To the Plan Participants and the Plan Administrator
of Bath & Body Works, Inc. 401(k) Savings and Retirement Plan
Opinion on the Financial Statements
We have audited the accompanying statements of net assets available for benefits of Bath & Body Works, Inc. 401(k) Savings and Retirement Plan (the Plan) as of December 31, 2021 and 2020, and the related statements of changes in net assets available for benefits for the years then ended, and the related notes (collectively referred to as the “financial statements”). In our opinion, the financial statements present fairly, in all material respects, the net assets available for benefits of the Plan at December 31, 2021 and 2020, and the changes in its net assets available for benefits for the years then ended, in conformity with U.S. generally accepted accounting principles.
Basis for Opinion
These financial statements are the responsibility of the Plan’s management. Our responsibility is to express an opinion on the Plan’s financial statements based on our audits. We are a public accounting firm registered with the Public Company Accounting Oversight Board (United States) (PCAOB) and are required to be independent with respect to the Plan in accordance with the U.S. federal securities laws and the applicable rules and regulations of the Securities and Exchange Commission and the PCAOB.

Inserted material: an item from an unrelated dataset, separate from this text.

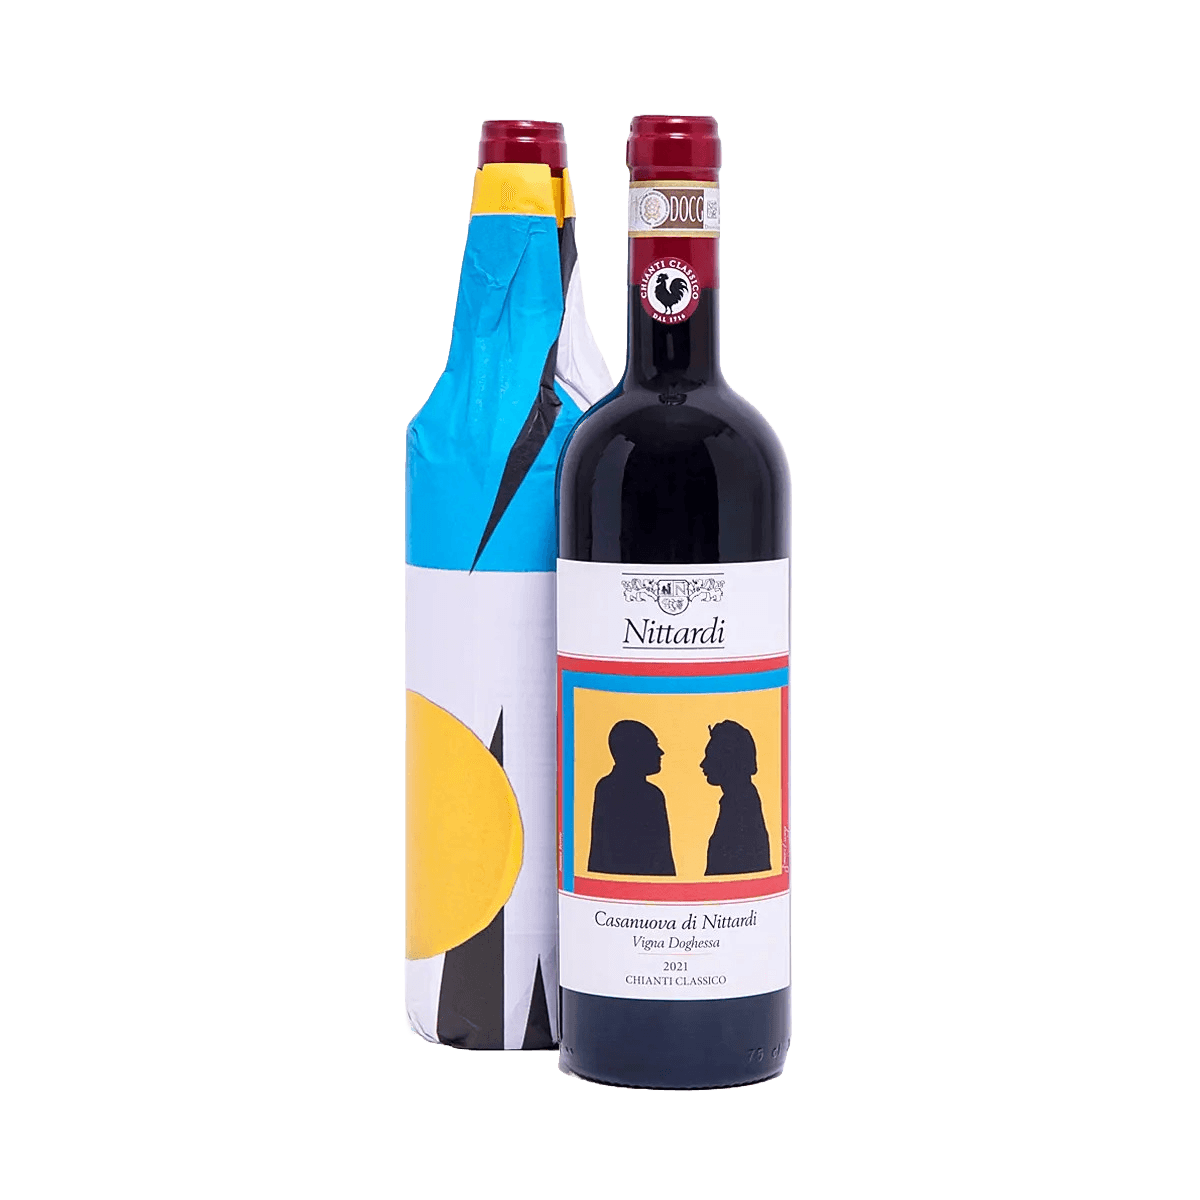 Chianti Classico Casanuova di Nittardi DOCG BIO red wine

We conducted our audits in accordance with the standards of the PCAOB. Those standards require that we plan and perform the audit to obtain reasonable assurance about whether the financial statements are free of material misstatement, whether due to error or fraud. The Plan is not required to have, nor were we engaged to perform, an audit of its internal control over financial reporting. As part of our audits we are required to obtain an understanding of internal control over financial reporting but not for the purpose of expressing an opinion on the effectiveness of the Plan’s internal control over financial reporting. Accordingly, we express no such opinion.
Our audits included performing procedures to assess the risks of material misstatement of the financial statements, whether due to error or fraud, and performing procedures that respond to those risks. Such procedures included examining, on a test basis, evidence regarding the amounts and disclosures in the financial statements. Our audits also included evaluating the accounting principles used and significant estimates made by management, as well as evaluating the overall presentation of the financial statements. We believe that our audits provide a reasonable basis for our opinion.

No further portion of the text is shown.